1Voici un livre vif et lucide qui éclaire des faits artistiques tellement insupportables qu’on les a longtemps occultés, avant d’en diluer la virulence en les comparant à d’autres, jugés plus acceptables. C’est dire qu’il s’agit aussi d’un vrai livre d’histoire, ces phénomènes de surgissement, de refus et de récupération mettant en jeu autre chose que la seule aventure des formes.
2Tout conspirait dans le monde de l’après-guerre à étouffer les protestations possibles de l’art; il fallait oublier, reconstruire. La peinture, la sculpture, l’architecture tenaient heureusement leur partie dans le concert des fiertés nationales. Plus tard, c’était déjà trop tard : d’autres épreuves, guerre froide, péril atomique, conflits et désastres de la décolonisation ne parvenaient pas à émousser l’hostilité envers des phénomènes qui semblaient étrangers au champ de l’art. Ils étaient pourtant à l’œuvre en son cœur même, ici cachés sous « le nylon rose des années pop », là plus agressifs, reprenant à leur façon l’exemple de Dada, ailleurs éclatant avec une énergie terrifiante : des peintres saccageaient leurs propres toiles, mutilaient leur propre chair, exhibaient des matériaux révulsants, boue, sang, humeurs corporelles, dans une fureur sacrificielle sans précédent.

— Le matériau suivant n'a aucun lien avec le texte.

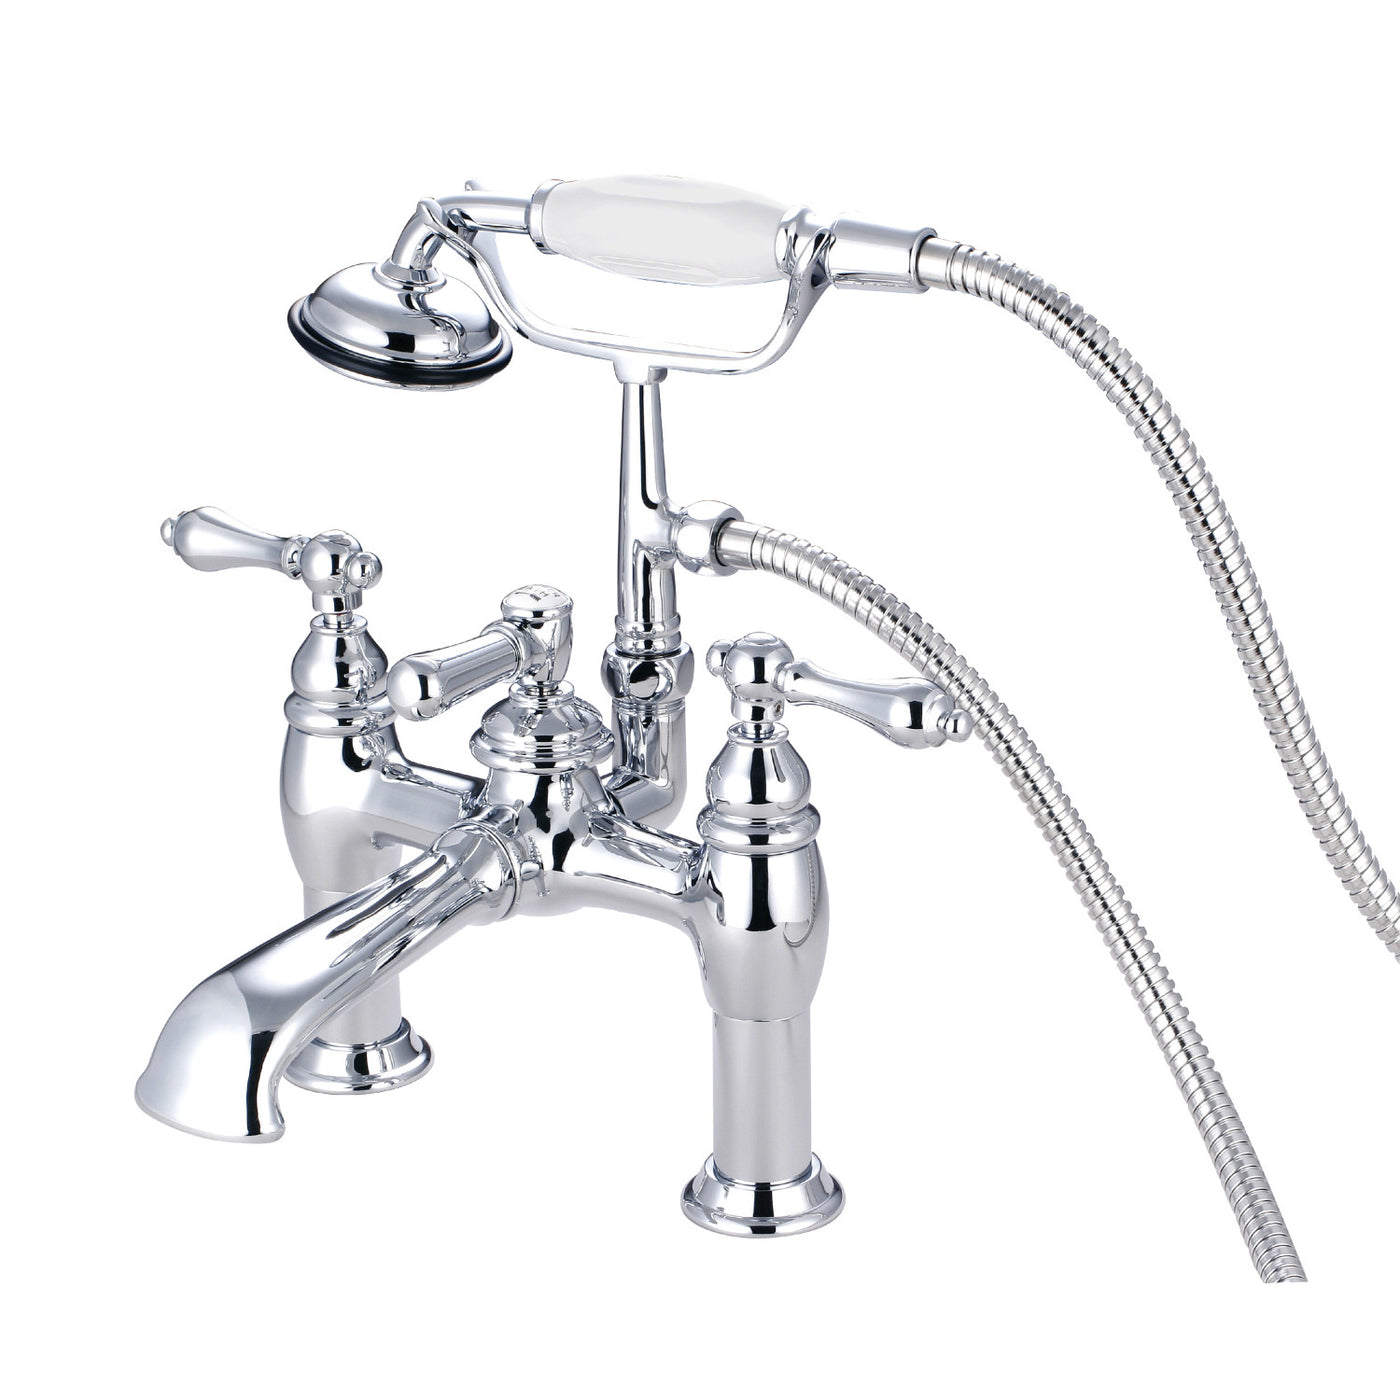 Elements of Design DT6041AL 7-Inch Deck Mount Tub Faucet with Hand Shower, Polished Chrome

3C’est à ce pan amputé de notre culture que s’attaque Laurence Bertrand Dorléac, sans se départir d’un contrepoint de références sociales et politiques qui nourrissent naturellement le discours. Pour la première fois, le néant, le sacrilège et la cruauté, convoqués jadis en ordre dispersé, sont appelés à témoigner ensemble en tant que valeurs de l’art contemporain, et leur rôle proposé comme « catharsis », « détonateur » ou « soupape » des sociétés modernes. Des gestes, dont on n’avait au mieux qu’une connaissance morcelée, sont pris en compte dans leur globalité, malgré leur extranéité culturelle et géographique. Ainsi, d’emblée, sur la crête la plus coupante du séisme qui traverse l’art mondial, le Japon et l’Autriche. L’auteur part en effet de ce constat : la violence qui sape les traditions artistiques « est beaucoup plus répandue dans les pays ayant pris fait et cause en faveur de l’Allemagne nazie ». Deux exemples types, donc, et non des plus attendus.
4Le Japon, à peine sorti de ses ruines, désaxé par une expansion économique brutale, reste serré « dans le cadre de fer » du militarisme. Toute une génération d’artistes, marquée par les séquelles d’Hiroshima, humiliés par le traité de sécurité nippo-américain, attaque art, société, État; ainsi Gutai (association de l’art concret) dès 1954; le mouvement Kyûshûha (anti-art), en 1957; les Neo dada Organizers, en 1960. Tous mobilisent comme à plaisir la répression policière et tétanisent un public pourtant habitué par tradition à des attitudes de sacrifice radical. Kudô Tetsumi fait une démonstration de karaté pour pulvériser ses toiles; Shiraga Kazuo barbouille de sang ses « peintures sacrificielles »; Shimamoto Shôzô lance ses couleurs au canon et pérennise le fracas des bombes. Sous des comportements dont la violence peut sembler massivement contemporaine sont dégagés des filons moins visibles qui rattachent la modernité japonaise à une quête immémoriale du sacré, cérémonies archaïques ou débordements sanglants de certaines fêtes populaires. Plus directement que les artistes occidentaux, les Japonais inventent un néo-primitivisme qui coule de source; ils rivalisent en sacrifices barbares, en rituels de dépense et de gaspillage, tout un potlatch qui tourne en dérision le musée et le marché. Pour compléter ce bilan, l’auteur souligne ici ou là une sorte de fraîcheur enfantine, cruelle mais jubilatoire – la joie de salir, de casser – qui accompagnent ces fêtes et agressent la vue, l’ouïe et l’odorat des autorités.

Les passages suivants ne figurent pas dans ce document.